Stan Kriventsov

Personal information
- Born: Stanislav Germanovich Kriventsov 2 November 1973 (age 52) Moscow, Russia

Chess career
- Country: Canada
- Title: International Master (2002)
- Peak rating: 2449 (October 2005)

= Stanislav Kriventsov =

Canadian chess player and coach (born 1973)

Stanislav Germanovich Kriventsov (Станислав Кривенцов; born 2 November 1973, in Moscow, Russia) is a Canadian chess International Master and chess coach who resides in the United States. Between 1997 and 2007, he was a regular participant in American chess tournaments and has won over 60 United States Chess Federation Grand Prix tournaments, including four Pennsylvania state championships. Kriventsov has played in four US Chess Championships.

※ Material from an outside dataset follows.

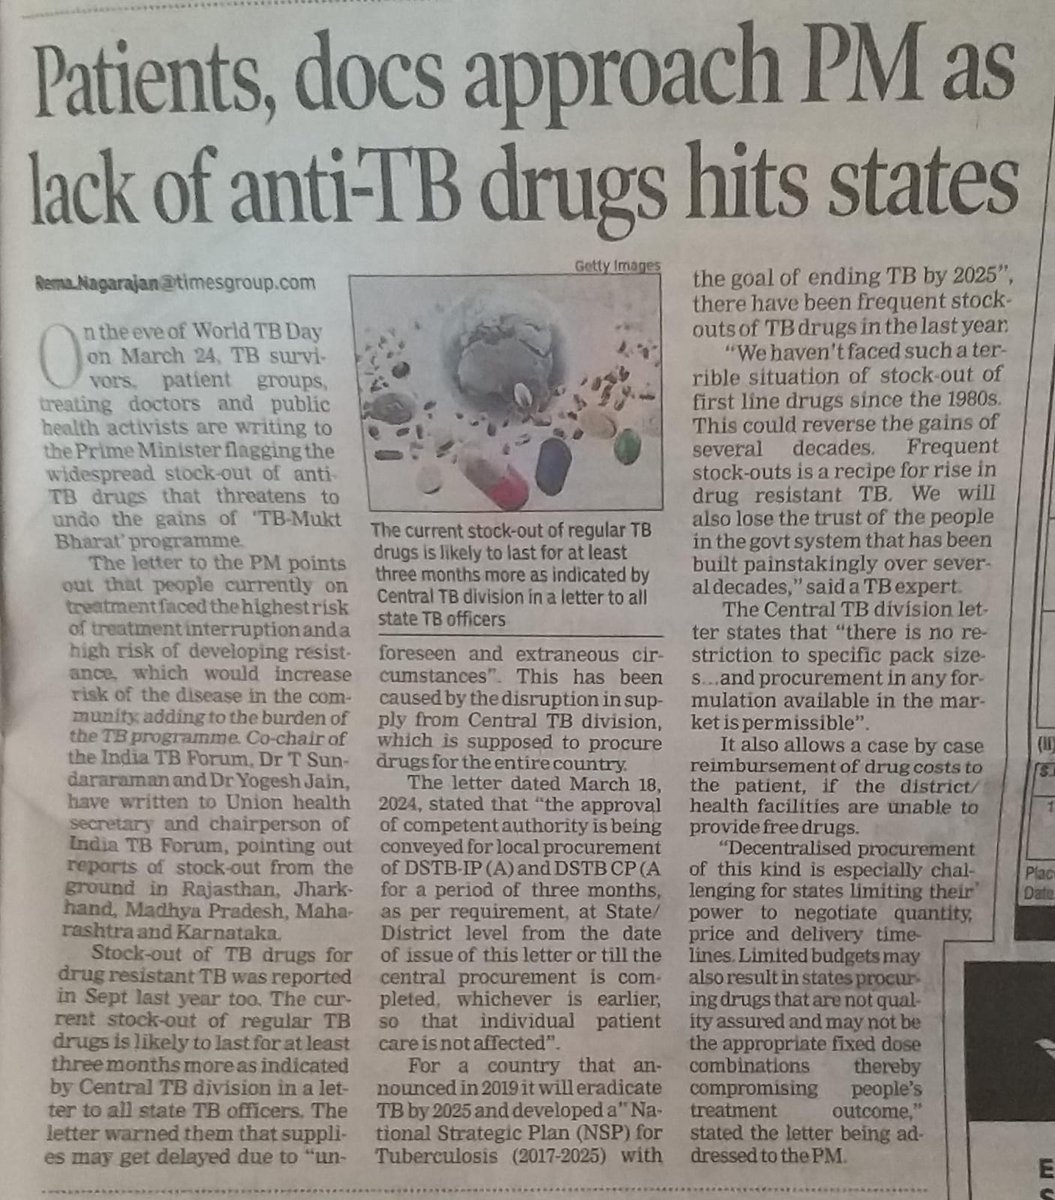 '...treatment interruptions on such a scale will compromise the outcomes of individual patients and the programme, as also worsen the drug resistance situation. It will undermine trust of our private health care partners and will weaken active search for missing cases.'

Kriventsov has a Ph.D. degree in electrical engineering with a specialization in power electronics from Penn State University, which he obtained in 2004. He worked as an adjunct faculty member at Tulane University in New Orleans, Louisiana, between 2004 and 2007, where he also received an M.S. degree in computer science in 2007. Since 2021, he has worked at Google as a software engineer.

Between 2007 and 2018, Kriventsov was a professional online poker player specializing in mid-stakes cash games. He has played and cashed in several live poker tournaments, with total live winnings of $88,882.